Passwords are the worst

Alphanumeric passwords are an archaic security system that should be replaced immediately. They are so inconvenient, especially in a mobile world, that a lot of people simply forgo them entirely in favour of convenience. Complex passwords are hard to remember, therefore people use simple, easily guessable ones, or reuse the same one everywhere on the Internet. Sometimes both.

Students from Xi’an Jiaotong-Liverpool University in China published a study in 2018 where they explore the possibility of replacing traditional passwords with semantically-linked images for mobile devices. They basically show that arranging a set of images in a predefined fashion to unlock your mobile device is as secure as entering a passcode, easier to remember, and better adapted to touch screens. Great, right?

I think it’s an interesting concept, but swapping one input system for another is unlikely to solve the issue. No password system is secure if users simply opt out. From the study: 

Research by Micallef et al shows that over 64% of users chose not to secure or use an authentication system on their mobile devices. However, it has been suggested that users may not assign significance to the information existing on their mobile devices, other arguments, such as that made by [Micallef et al], suggest that users dislike the inconvenience of repeatedly unlocking their mobile devices.

Yikes. 

The trend over the last few years has been to implement biometric authentication on phones and other computers. Touch ID and Face ID are probably the two most well-known systems. If you use a Windows machine, you might be familiar with Windows Hello.

When Apple launched Face ID in 2017, they touted how secure it was. Sure, the identification system in action here is pretty much unparalleled. Unfortunately, it and almost all consumer-grade biometric recognition systems have a fatal flaw. Here’s an excerpt from the Apple support page for Face ID:

The probability that a random person in the population could look at your iPhone or iPad Pro and unlock it using Face ID is approximately 1 in 1,000,000 with a single enrolled appearance. As an additional protection, Face ID allows only five unsuccessful match attempts before a passcode is required.

And therein lies the problem. Even when users opt in to Face ID, they have to set up a backup solution in case the authentication fails. By default, the solution is a 4 digit PIN, which is not nearly as secure as biometric authentication. For one, the probability that someone will guess your passcode at random is 1 in 10,000, or 100 times more likely than unlocking your Face ID according to Apple’s own numbers. More so, if you have two working eyes, it is ridiculously easy to see someone’s passcode when they enter it, or even guess it from the smudges left on the screen. And even with Face ID on, iOS requires users to enter their passcode a lot. Glenn Fleishman wrote for Macworld (from 2016, but still accurate to my knowledge):

[iOS asks for a passcode when] restarting the device, five failed fingerprint [or facial] recognition attempts, receiving a remote lock command via Find My iPhone, enrolling new fingerprints in Touch ID [or appearances in Face ID], and not having been unlocked in any fashion in 48 hours.

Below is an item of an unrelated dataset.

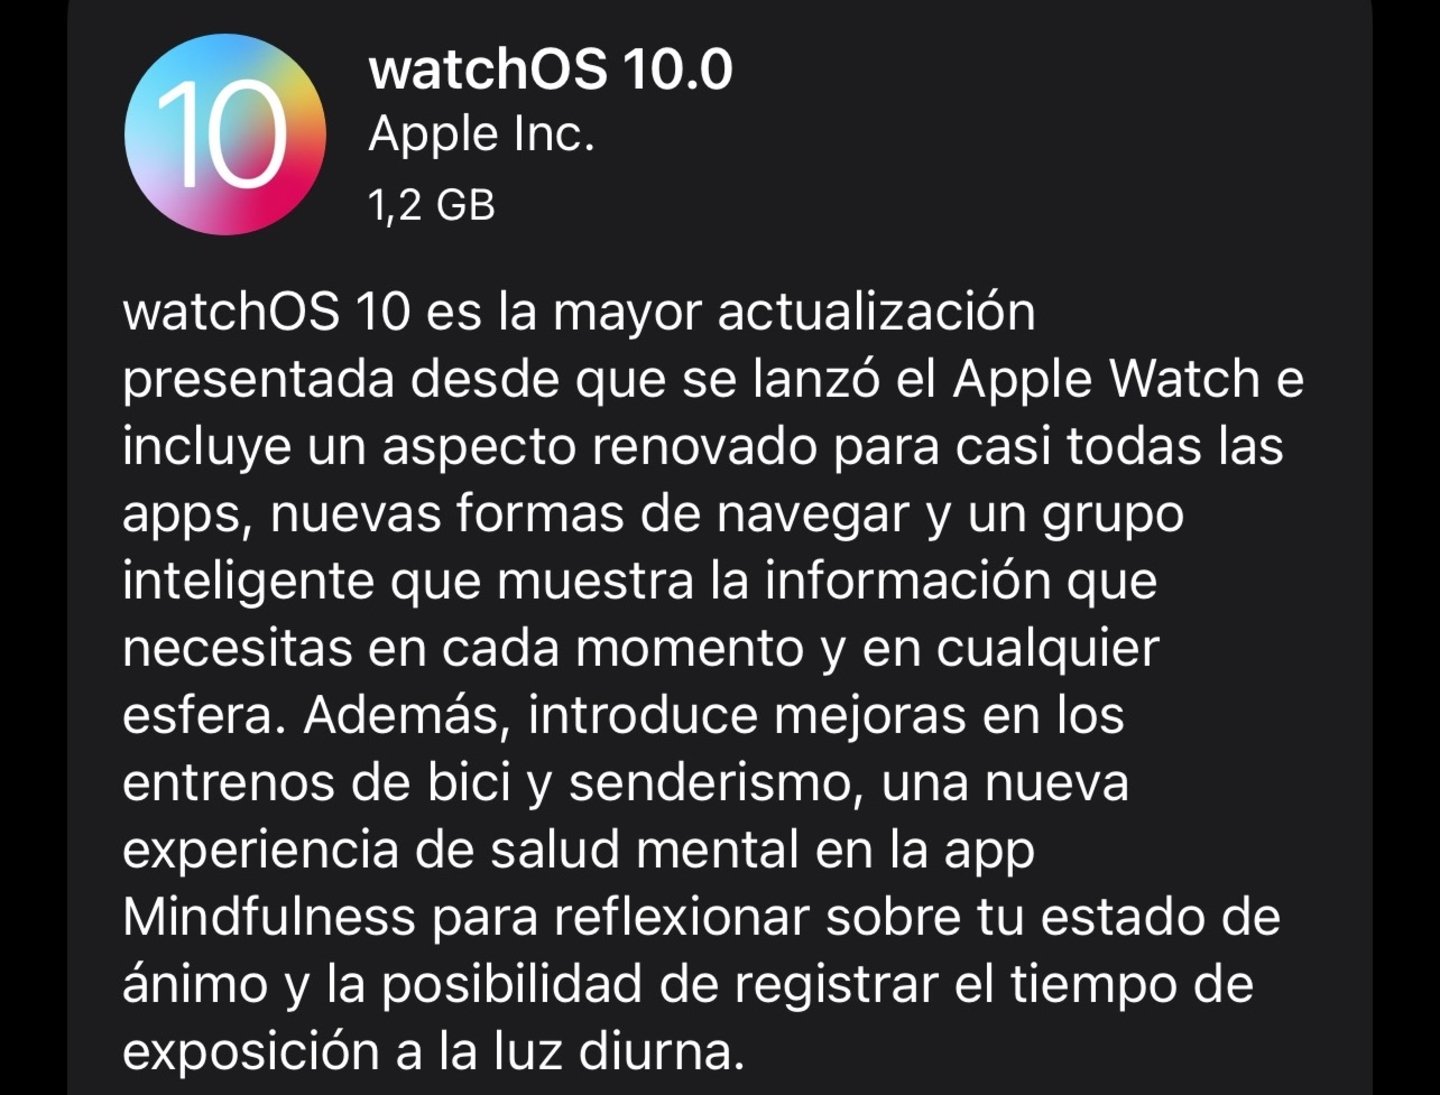 watchOS 10

The article mentions other, more obscure ways to trigger a passcode request. The main culprit, however, is definitely five failed attempts. This happens all the time on my Touch ID devices, and it seems to happen quite a bit with Face ID too.

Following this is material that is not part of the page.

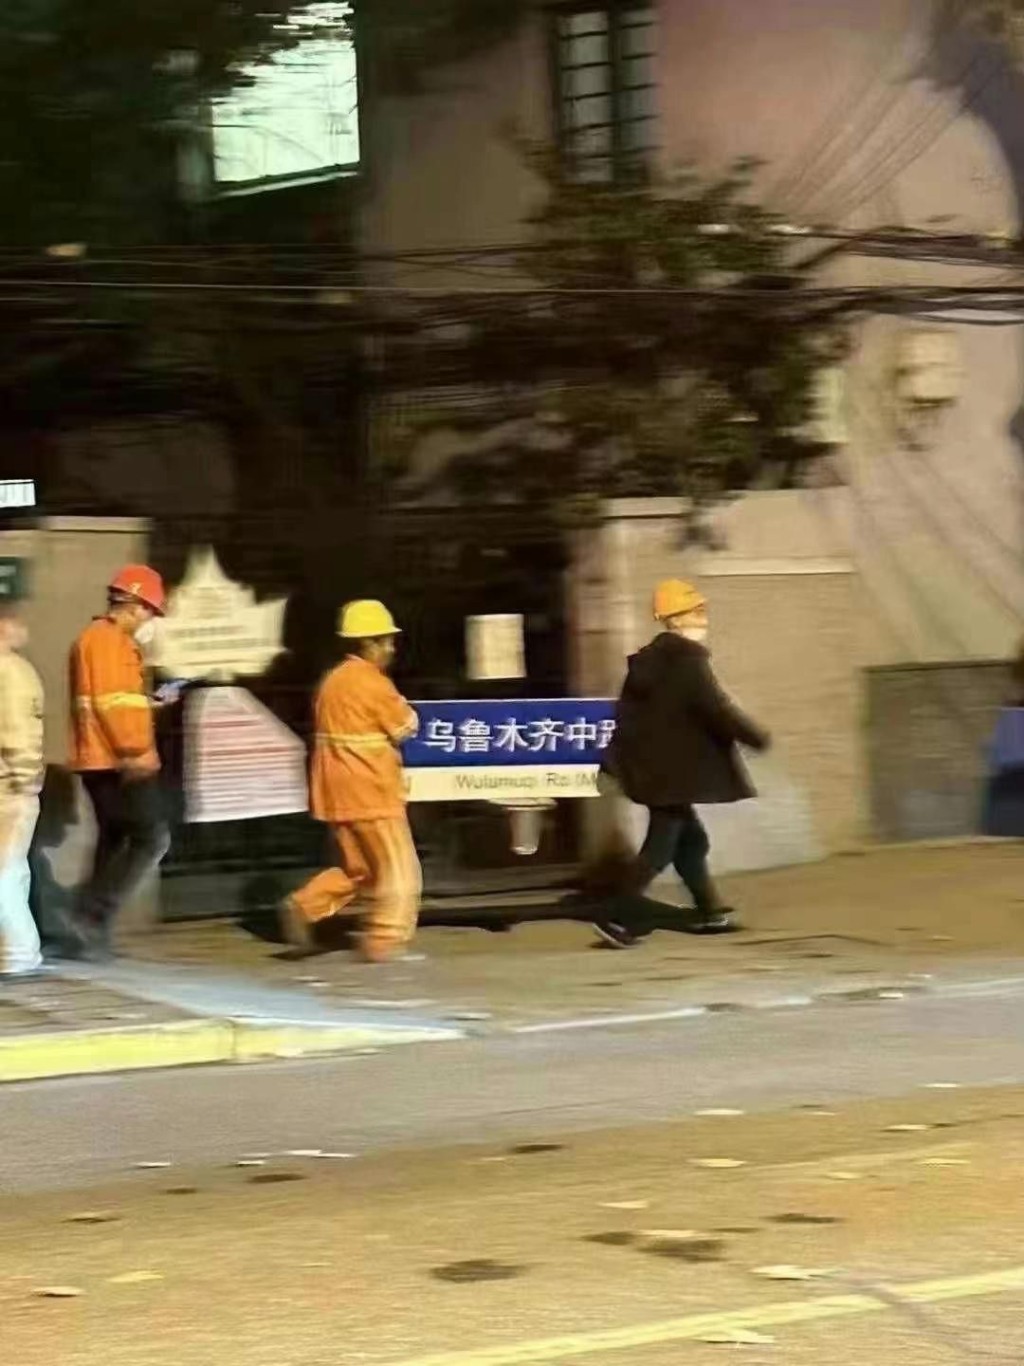 昨晚上海有工作人员拆走“乌鲁木齐中路”路牌。互联网

Here’s the thing: a machine is only as secure as its weakest authentication system. Imagine you spend thousands of dollars on a premium quality and practically impenetrable lock for the front door to the shed in your backyard but use a Master Lock that is lock-picked in two seconds for your back door. What crook is going to spend the time trying to concoct a plan to unlock the front door if they can essentially kick your back door in and make themselves at home?

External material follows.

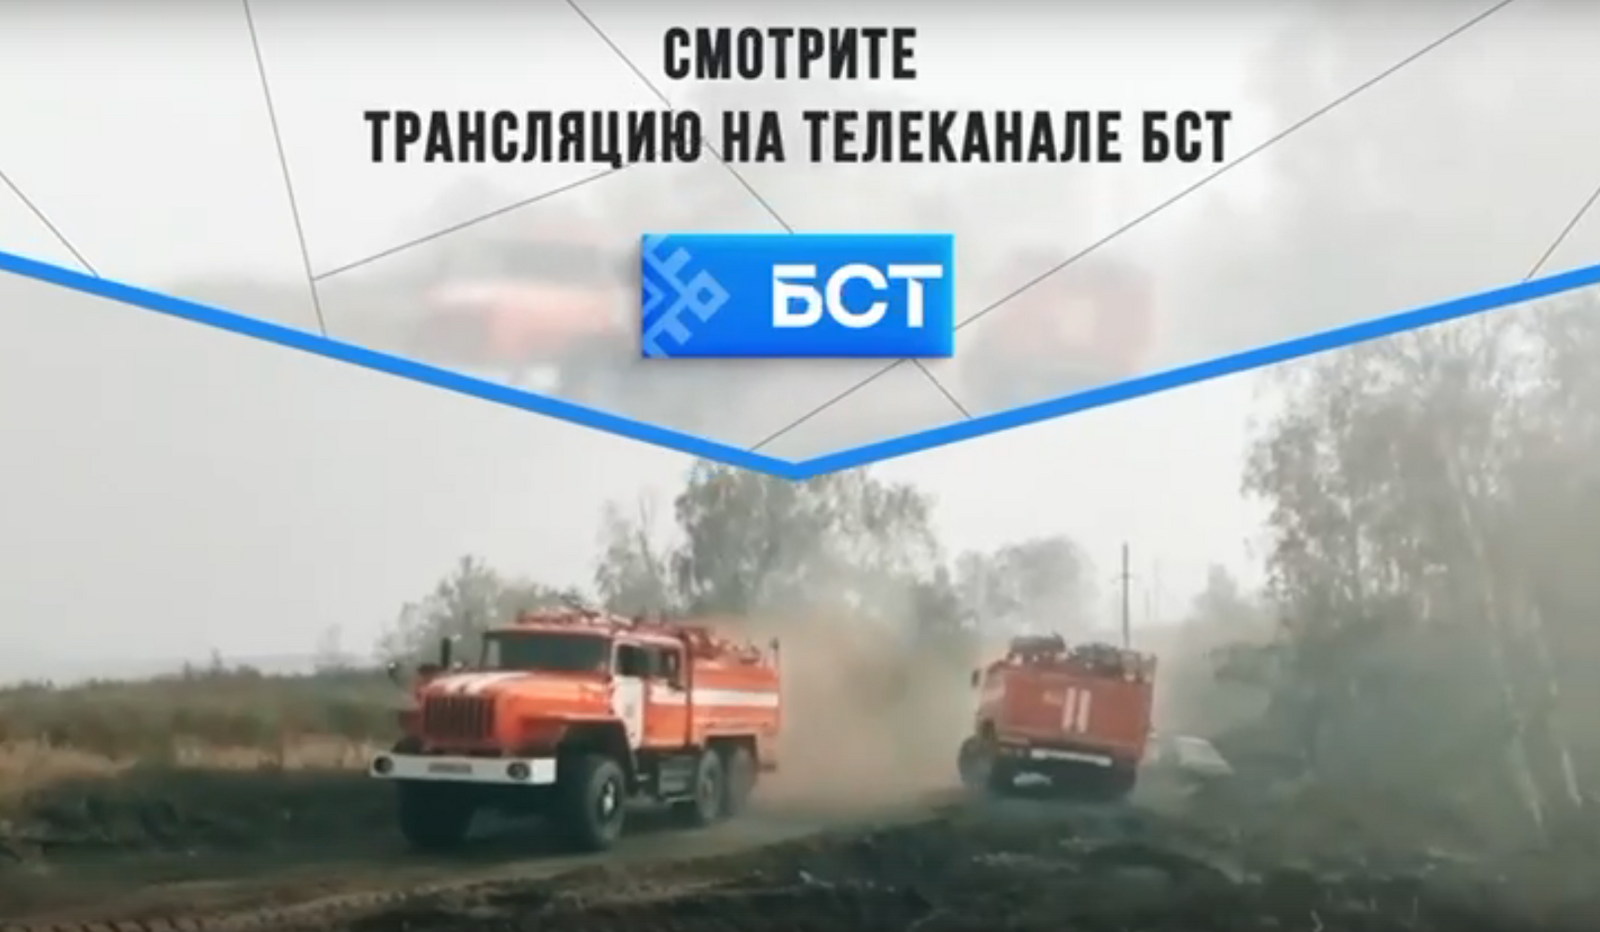 Пожароопасный сезон в Башкортостане: брифинг в прямом эфире БСТ

I think the days of using biometrics without requiring a backup PIN are probably still far off for two reasons. One, it’s currently impossible to lock yourself out of your device permanently as long as you remember your passcode. Without a passcode, any number of things could happen that would leave you without a means of getting in: you lose your Touch ID-registered fingers in an accident, you damage your fingerprints or your face in a fire, you need facial reconstructive surgery, etc. Two, the customer service and PR nightmare that would ensue when users start locking themselves out of their phones and computers. We’ll have to make do in the meantime, and no authentication method will revolutionize cybersecurity as long as we have Master Locks on our back doors.